Brendan Cavanaugh slipped from the horse and carefully checked its back left hock.
Yep, lame.
He knew he’d been flirting with disaster by hiring ol’ Verlan. But he hadn’t had much choice. The gelding was the only hack on offer in the tiny village of Abernathy. Should have stayed on, had a few more pints and convinced the barmaid, Jean, to spend the night with him. Not that much convincing would’ve been needed, not if that welcoming look in the gal’s eye was anything to go on. By jingo, he would’ve been right home now, nuzzled into her ripe bosom, hands cradled around her lush bum, tasting her plump lips. But his itch to move on had been greater than his other itch.
Dang.
Verlan nipped at Bren’s shoulder as if to say, “What about me?”
Having a lame horse wasn’t the end of the world. Not unless a body felt like he was at the end of the world. Below him nothing but fields of heather. Beautiful enough, but beneath that beauty lay possible death, treacherous bogs that could swallow man and horse quicker than you could say Jack Rabbit. He’d been steadily ascending a rutted trail for a while now. The path getting steeper and wilder as the light faded.
Godforsaken Scotland. Why the hell had he decided to hie off to this wilderness?
He knew the answer. Fool that he was.
The sun was slipping fast. This far north you could count on light until nigh on nine. But once night came, it came quick as cream on a chill day.
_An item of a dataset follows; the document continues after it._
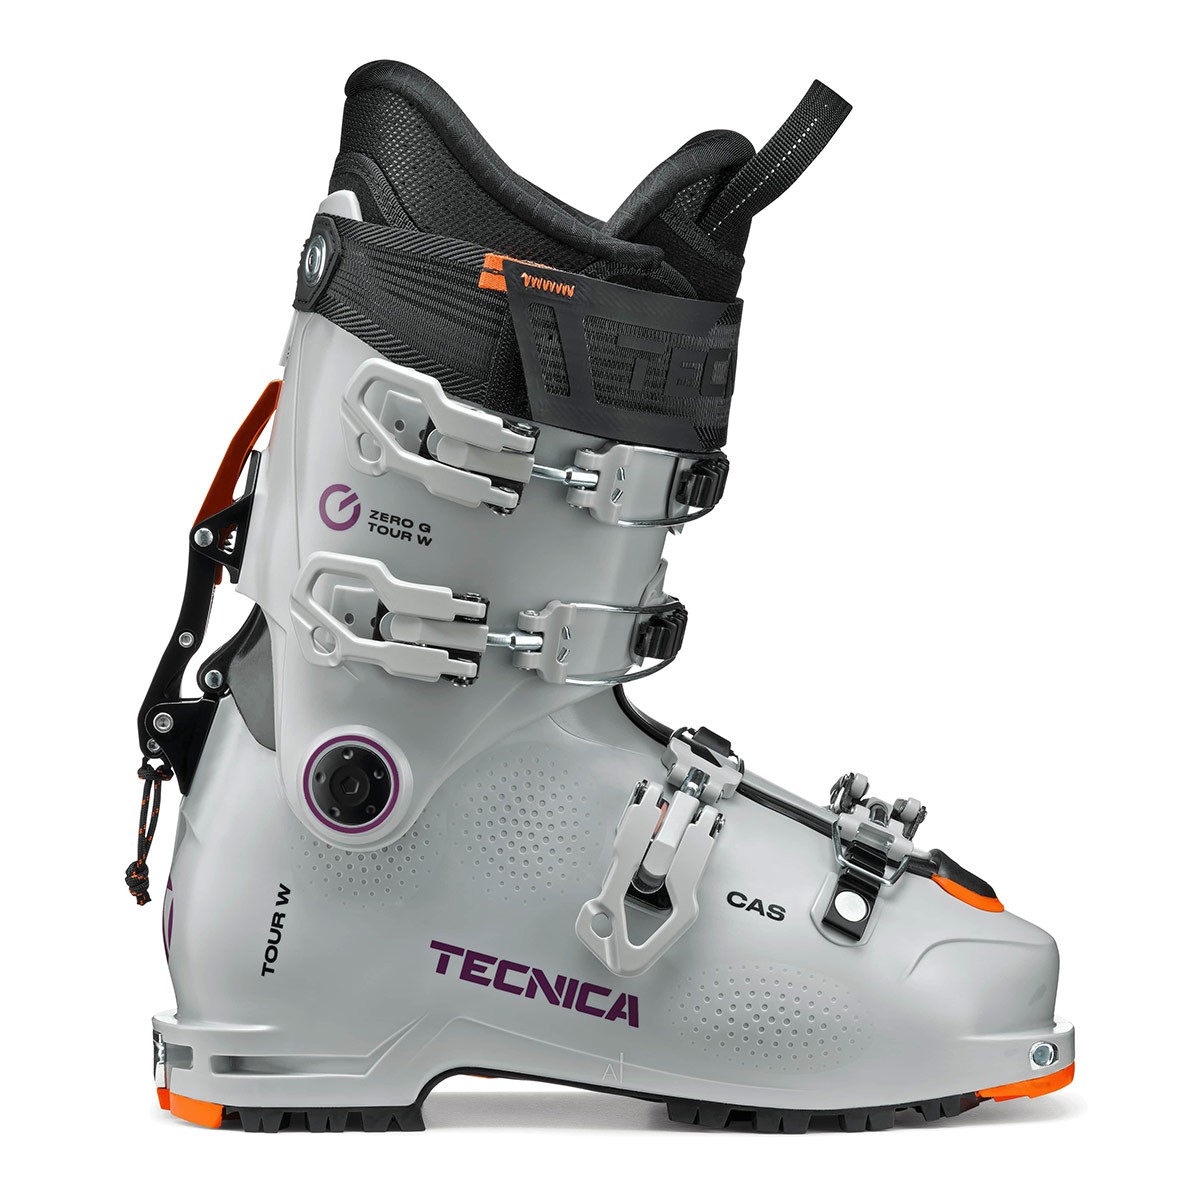  Scarponi alpinismo Tecnica Zero G Tour W (Colore: cool grey, Taglia: 23.5) 
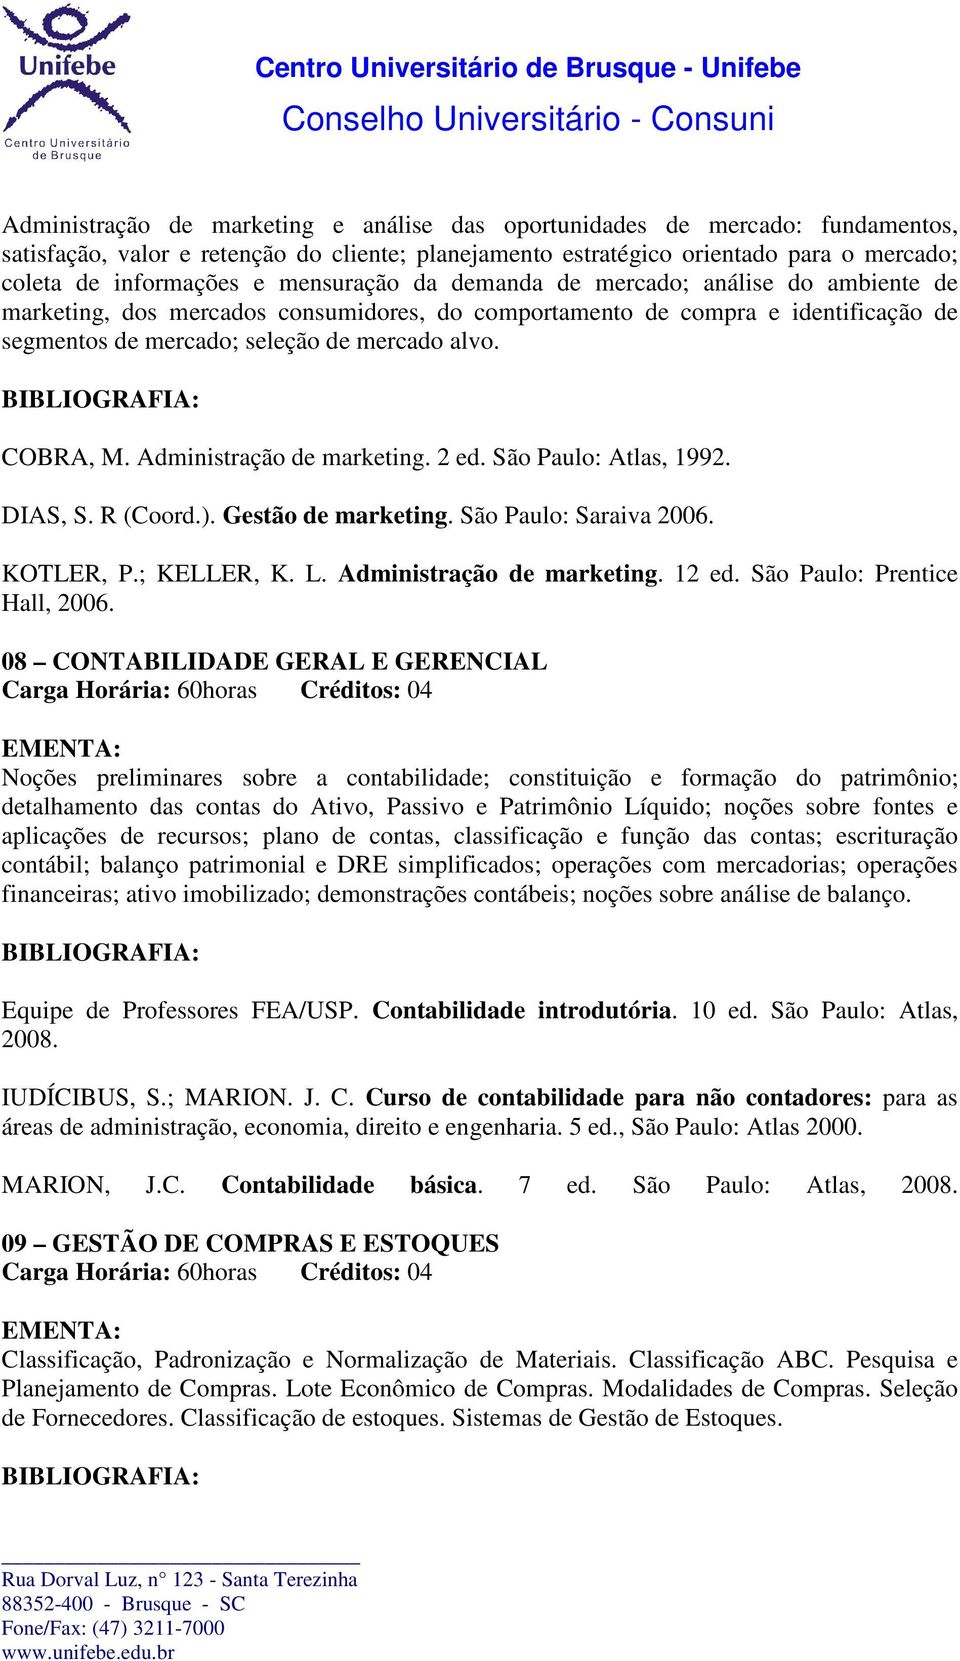 Administração de marketing. 2 ed. São Paulo: Atlas, 1992. DIAS, S. R (Coord.). Gestão de marketing. São Paulo: Saraiva 2006. KOTLER, P.; KELLER, K. L. Administração de marketing. 12 ed.

And as if the bogs weren’t enough, fog could roll in so’s a body couldn’t see a hand square in front of its face.
The Black Hills had nothing on these Scottish mountains.
Only an hour or so ago, Orin Fraser, innkeeper at The Black Swan, had squinted through his pipe smoke, sipping the whisky Bren had stood him while he spun tales of ghosts and mysterious fairies who lured unsuspecting souls into life-sucking fens.
If he’d had the sense God gave a goat, he would’ve listened to the man. But he’d been eyeing bonny Jean, a’ course, and the tapster’s advice had gone in one ear and out the other.
One of these days he might actually learn a thing or two.
“Eeeooow!”
The wail like a disembodied spirit, rose out of the fog.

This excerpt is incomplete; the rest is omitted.